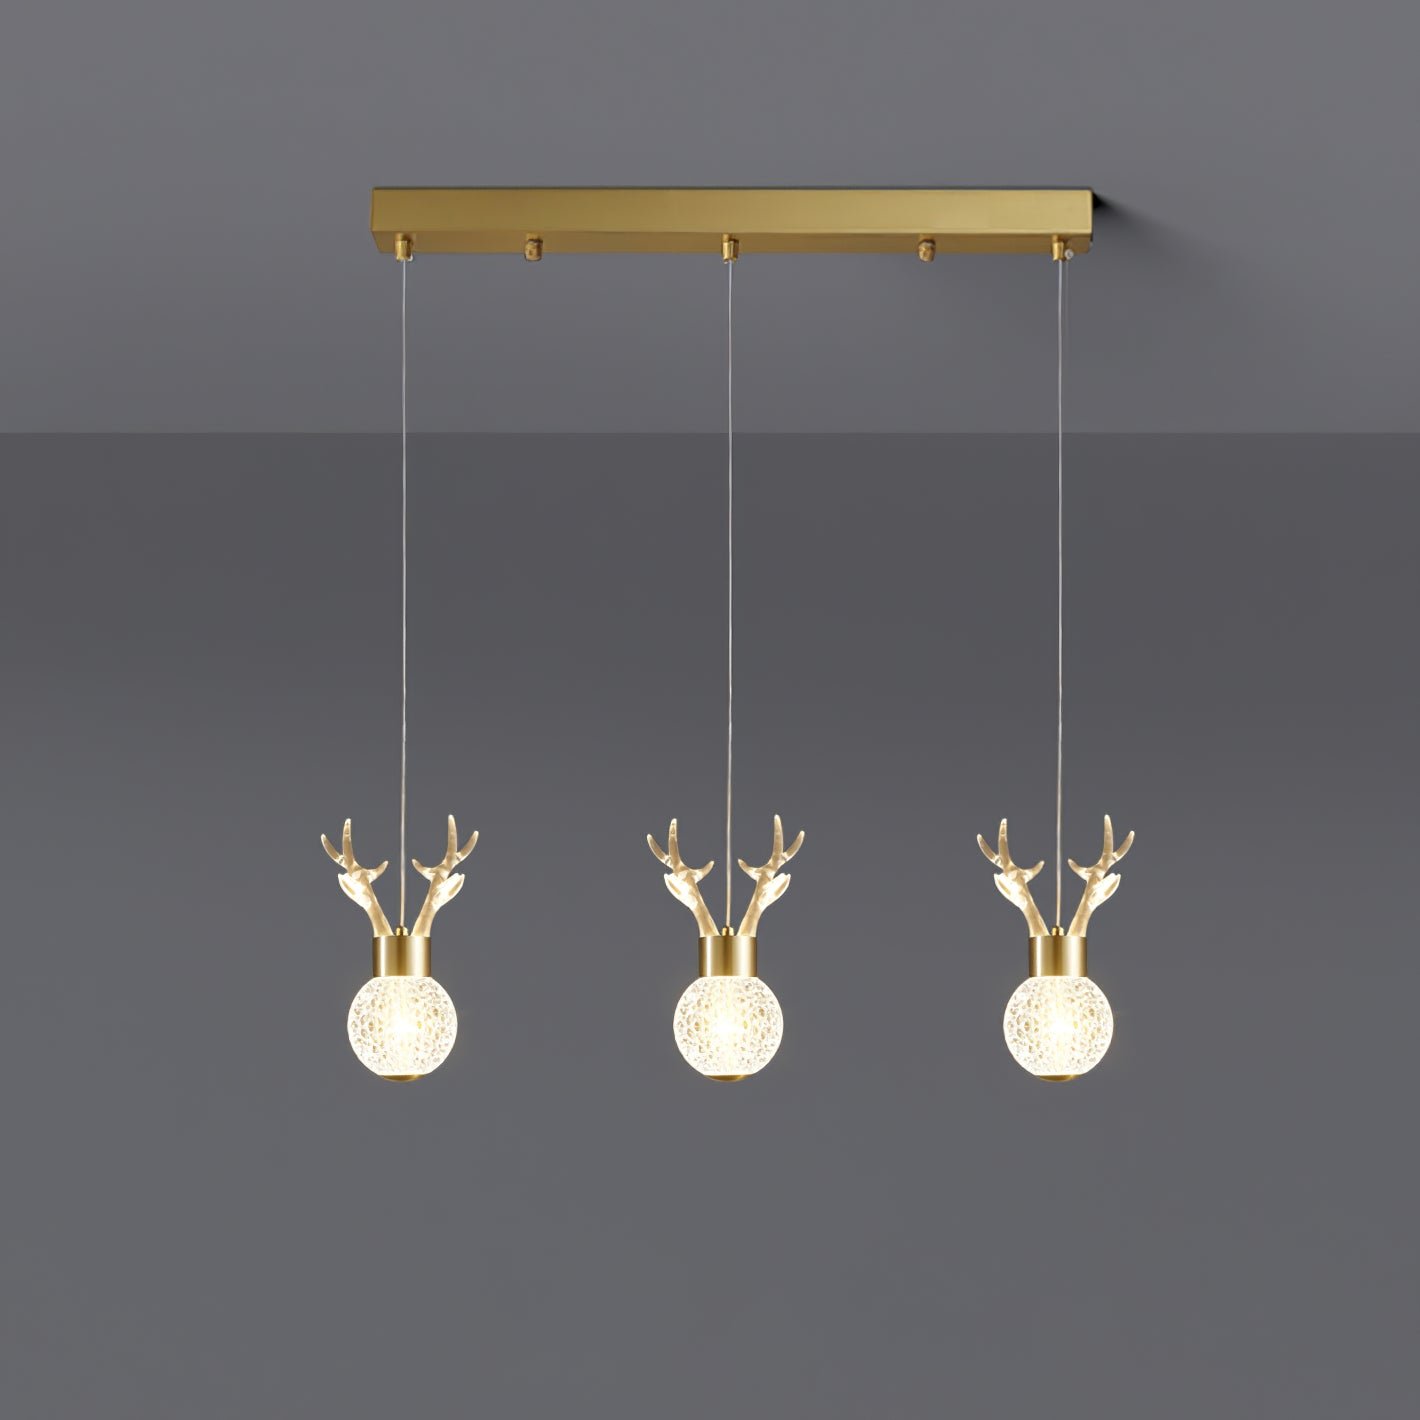 Modern Textured Pendant Lamp with 3 Deer Heads, Large Size: 19.6″ x 78.7″ (50cm x 200cm), Emits Stylish Cool White Light
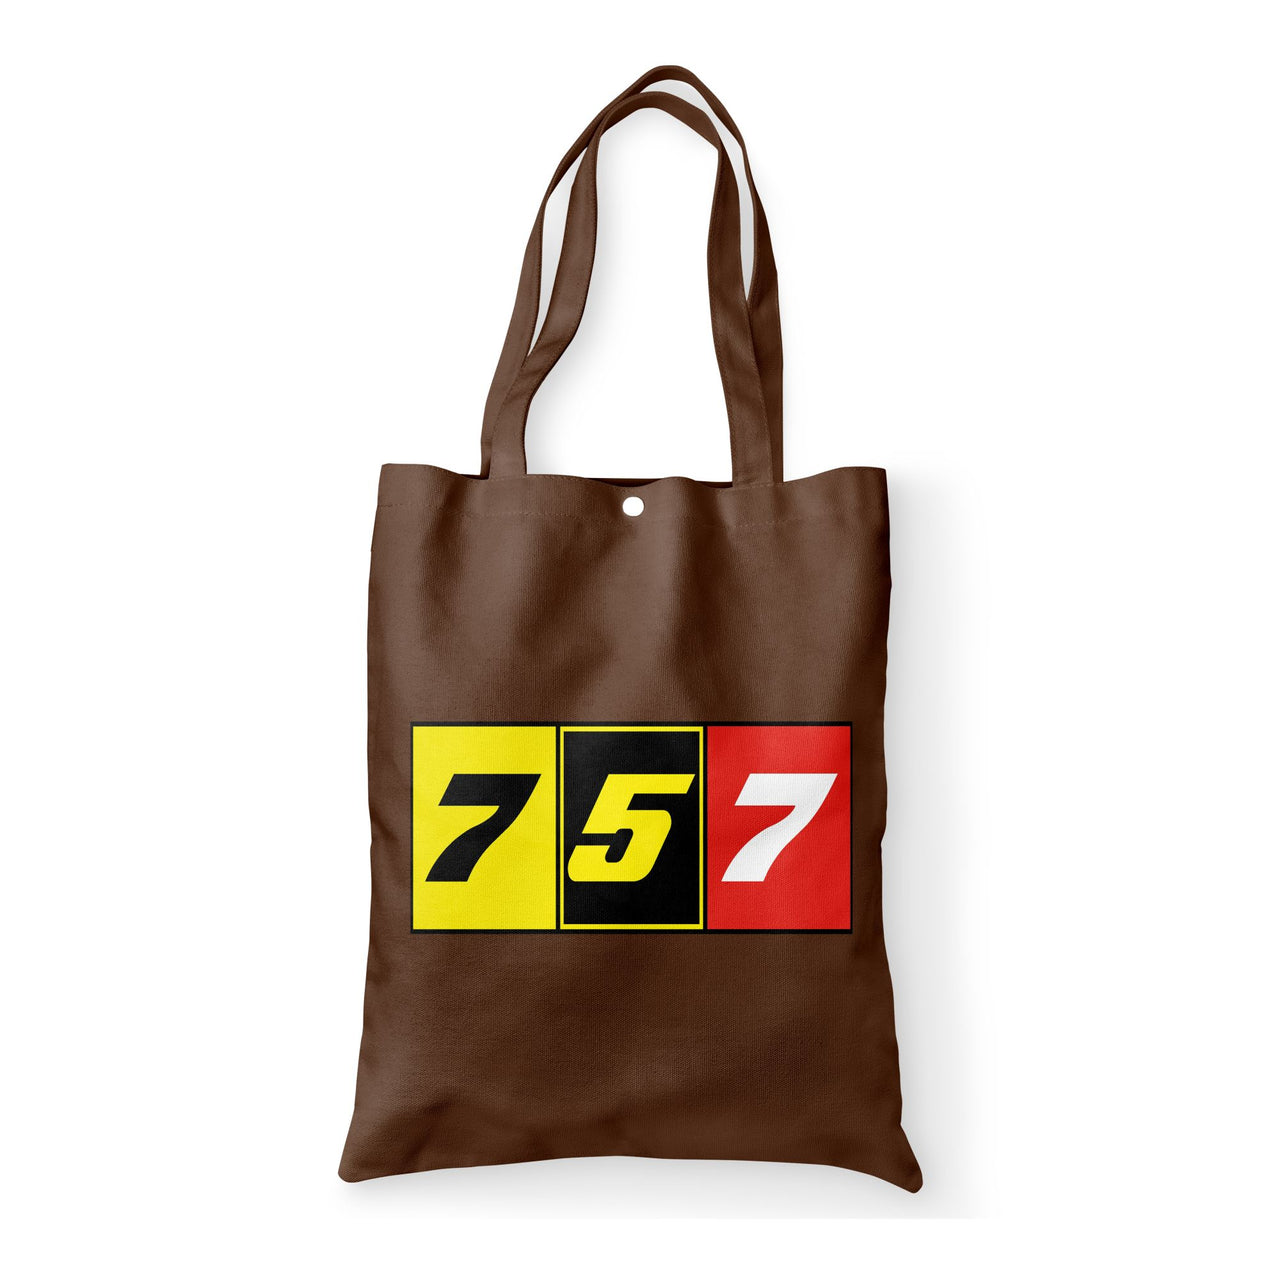 Flat Colourful 757 Designed Tote Bags
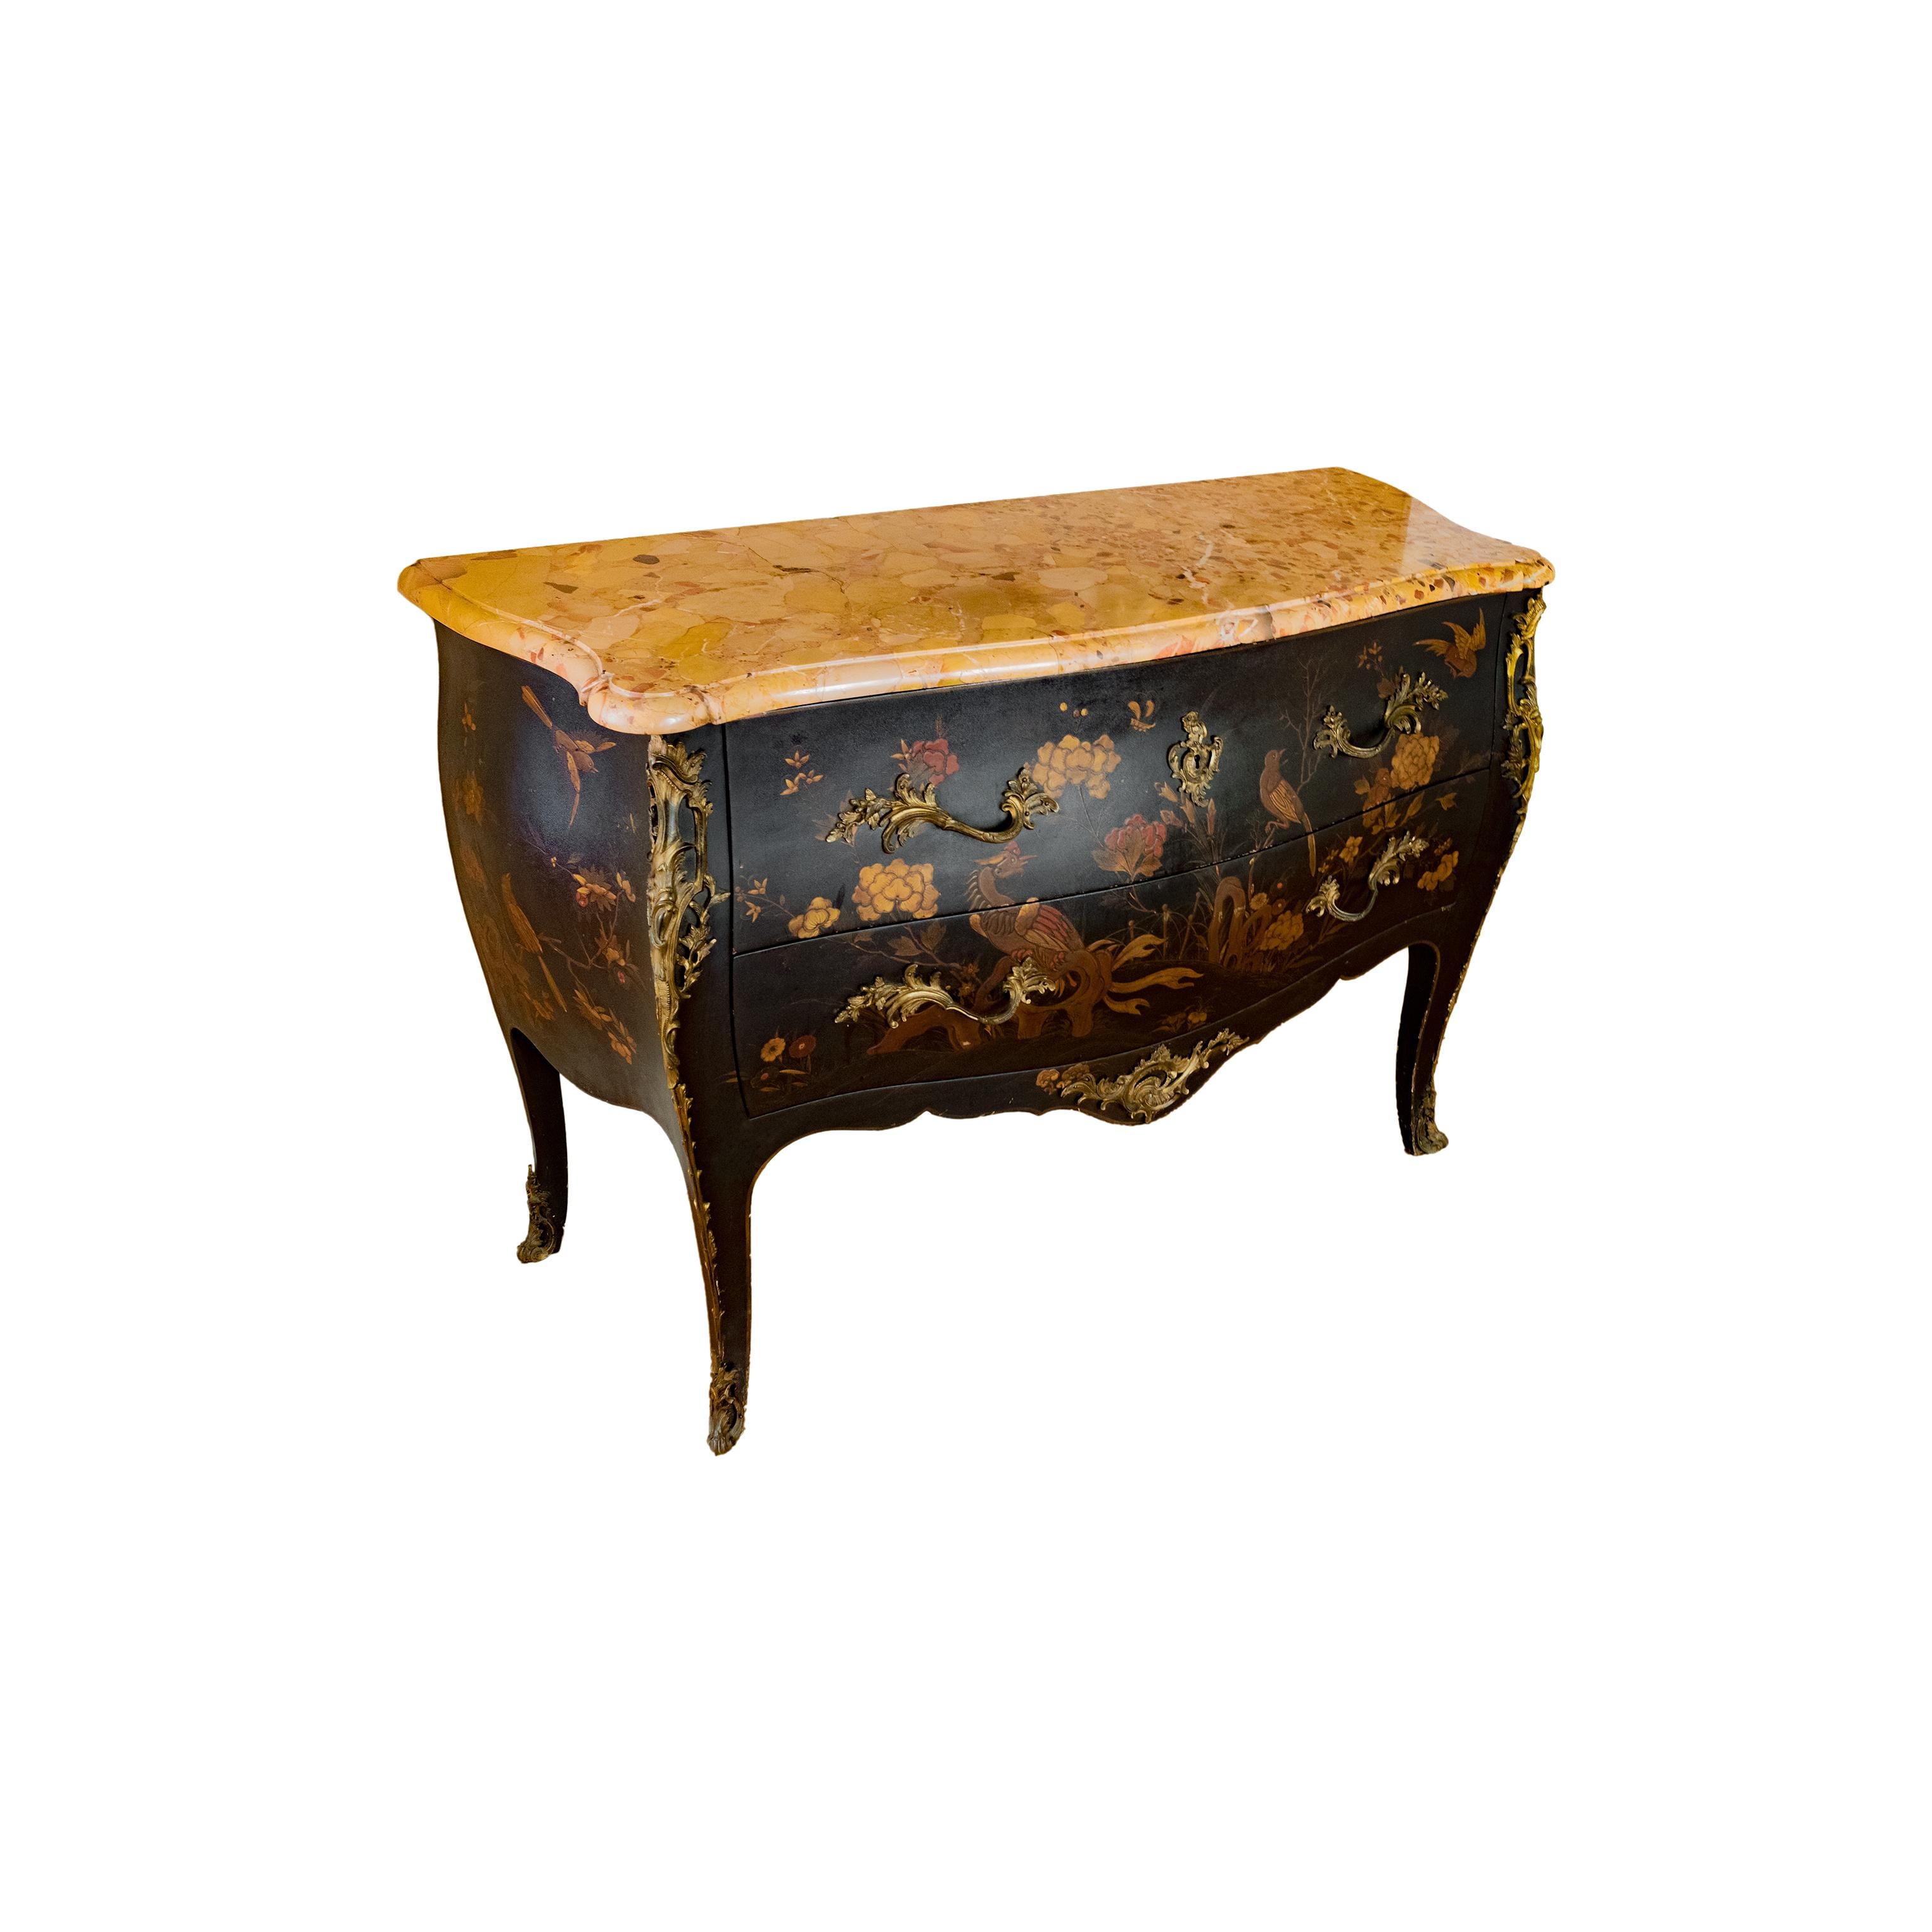 Chinese lacquer commode, chased and gilded bronze with Aleppo breccia marble top, with a frame of plain black Martin veneer.
Beautiful ornamentation of finely chiseled and gilded bronzes including angle drops, foot
slippers, lamp base and keyholes.
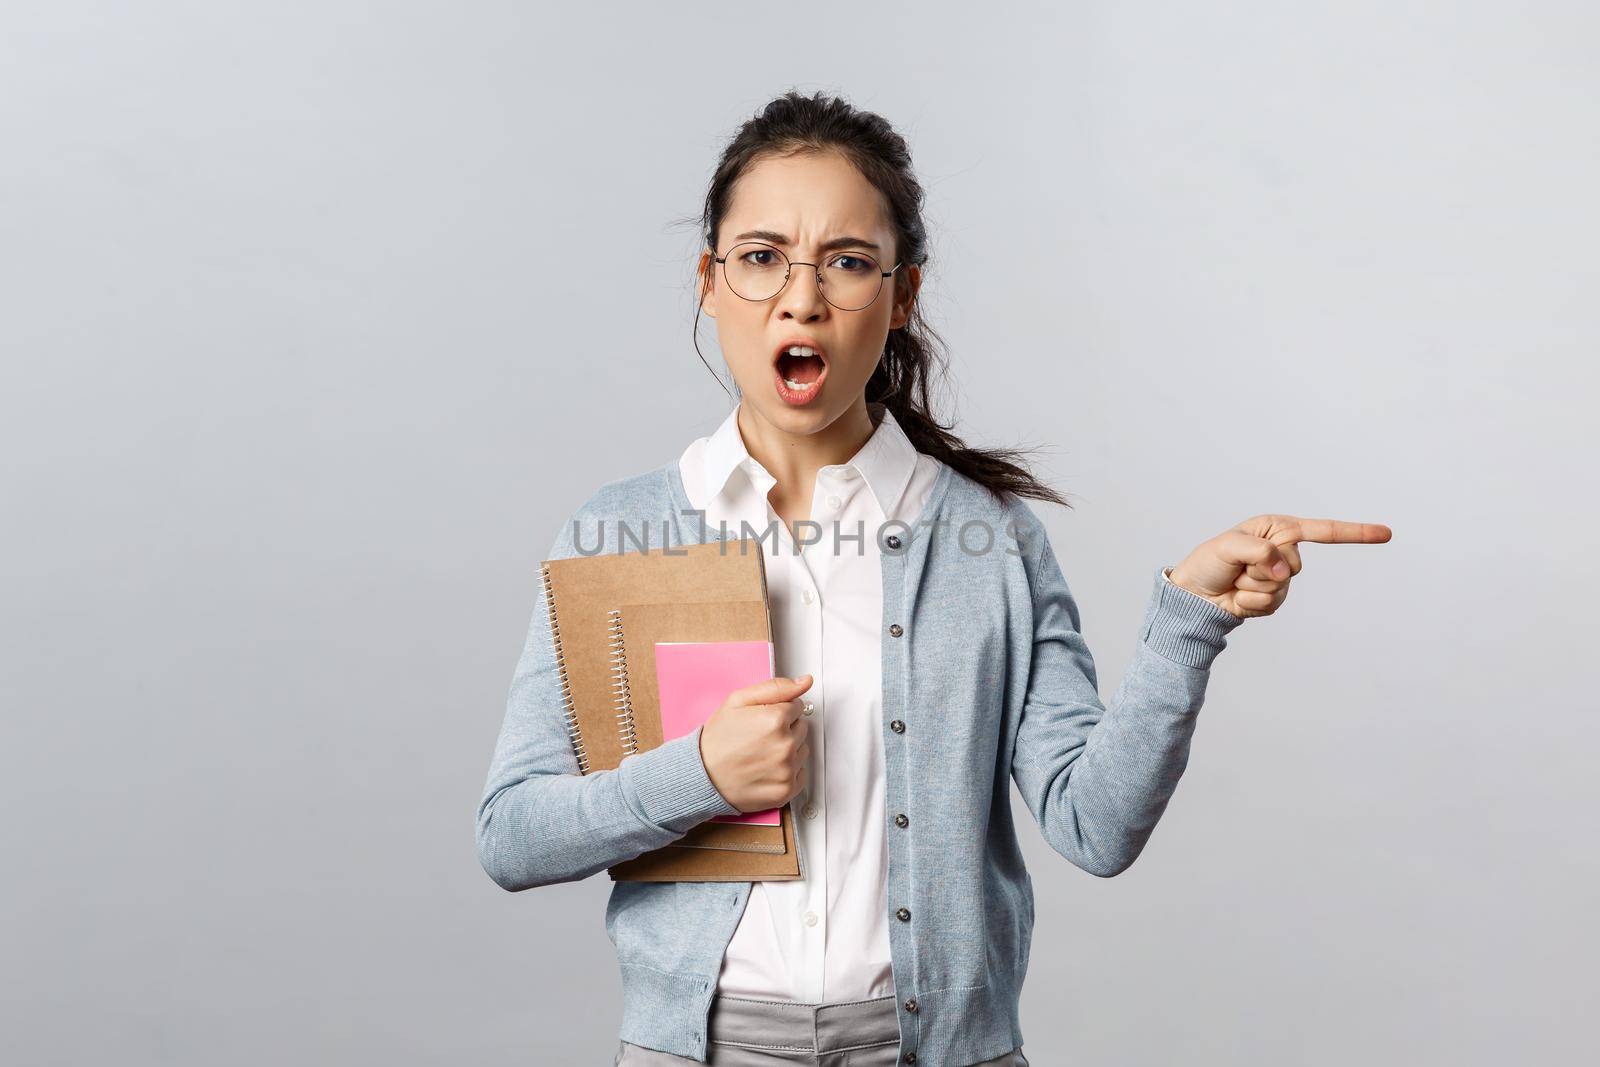 Education, teachers, university and schools concept. Angry and displeased strict tutor, teacher scolding student and tell leave class now, pointing at door shouting annoyed, grey background.

▶ _TASK REQUIREMENTS_:
Please transcribe word for word the lines from the one bearing "Beautiful ornamentation of" through the last line of the records above, omitting the pictures.

▶ _OUTPUT BELOW_:
Beautiful ornamentation of finely chiseled and gilded bronzes including angle drops, foot
slippers, lamp base and keyholes.
 Education, teachers, university and schools concept. Angry and displeased strict tutor, teacher scolding student and tell leave class now, pointing at door shouting annoyed, grey background.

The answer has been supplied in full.